WINLAB is working with Columbia and CCNY on a large NSF-funded collaborative research project aimed at development of an international networking and wireless testbed by federating US research testbeds including COSMOS, ORBIT, FABRIC and PEERING with experimental facilities in Ireland, Greece, Brazil and Japan.  The federated international testbed will enable experimental research on a wide range of optical, wireless, SDN networking, inter-domain routing and edge computing experiments at a global scale.  This project will further extend international connectivity of network testbeds hosted by WINLAB on the Rutgers campus, and is expected to lead to several research collaborations with groups in Japan, Brazil and Europe on future Internet architecture and protocols.

COSMOS Cloud Enhanced Open Programmable Testbed (Seskar, Raychaudhuri)

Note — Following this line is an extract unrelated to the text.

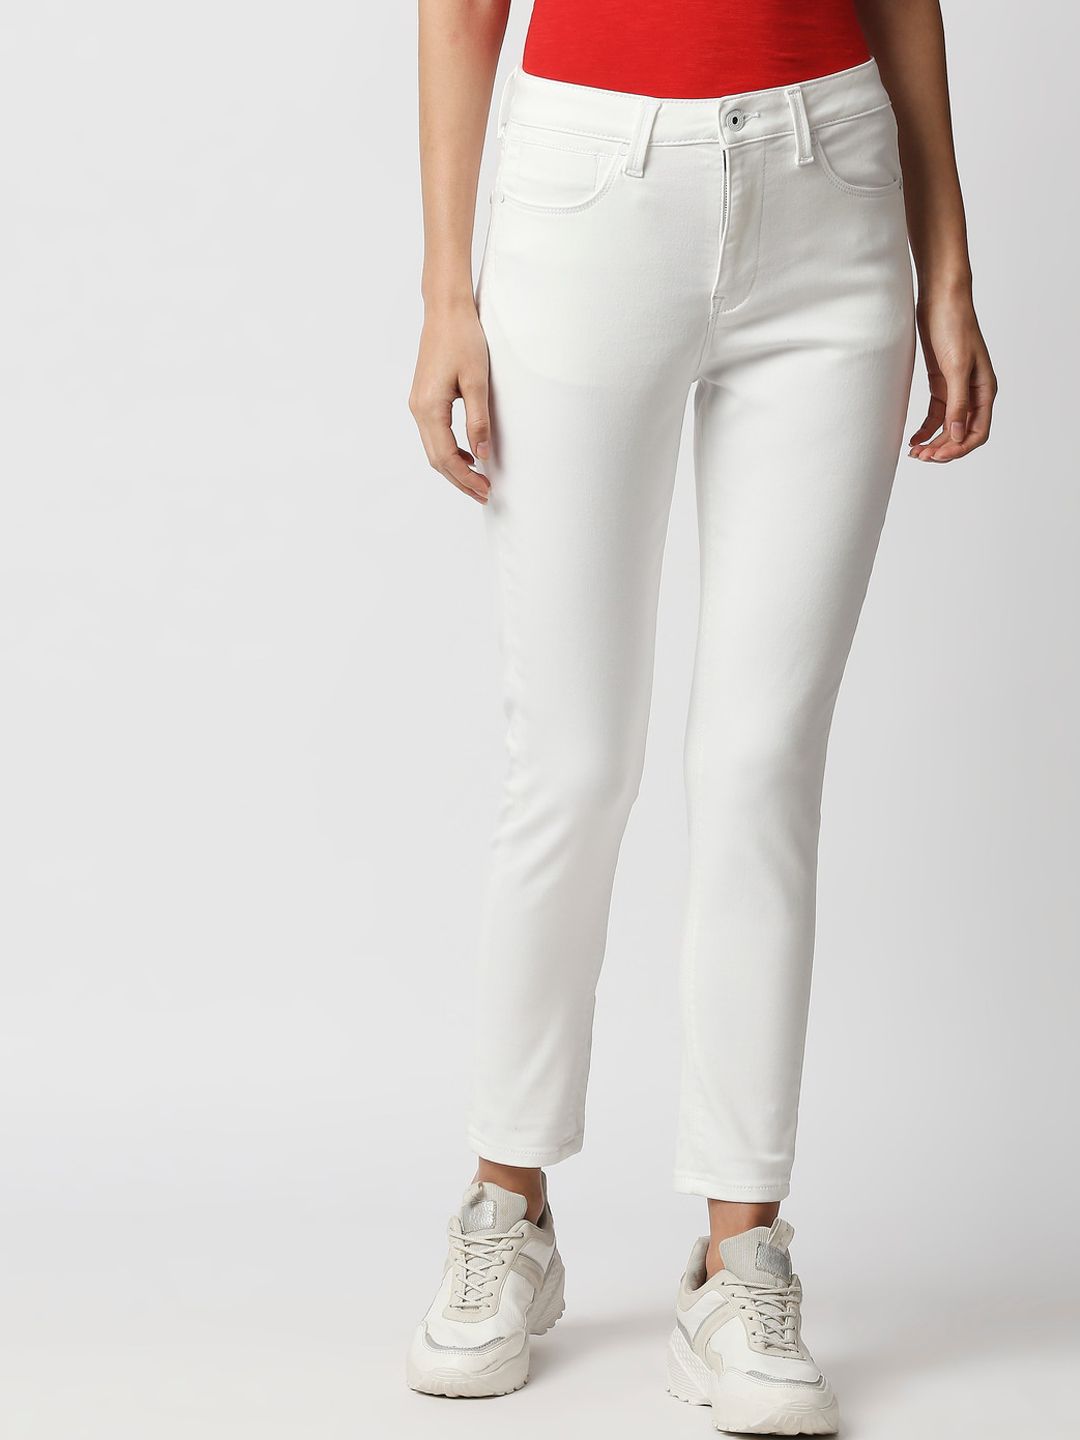 Pepe Jeans Women White Skinny Fit High-Rise Stretchable Jeans Price in India

The COSMOS project is aimed at design, development and deployment of a city-scale advanced wireless testbed in order to support real-world experimentation on next-generation wireless technologies and applications.  This is a joint project involving Rutgers, Columbia and NYU along with several partner organizations including New York City, CCNY, University of Arizona, Silicon Harlem and IBM.  The COSMOS architecture has a particular focus on ultra-high bandwidth and low latency wireless communication tightly coupled with edge cloud computing.  The COSMOS testbed will be deployed in upper Manhattan and will consist of advanced software-defined radio nodes along with fiber-optic front-haul and back-haul networks and edge and core cloud computing infrastructure.  Researchers will be able to run experiments remotely on the COSMOS testbed by logging into a web-based portal which will provide various facilities for experiment execution, measurements and data collection.

MobilityFirst Future Internet Architecture  (Raychaudhuri, Yates, Seskar)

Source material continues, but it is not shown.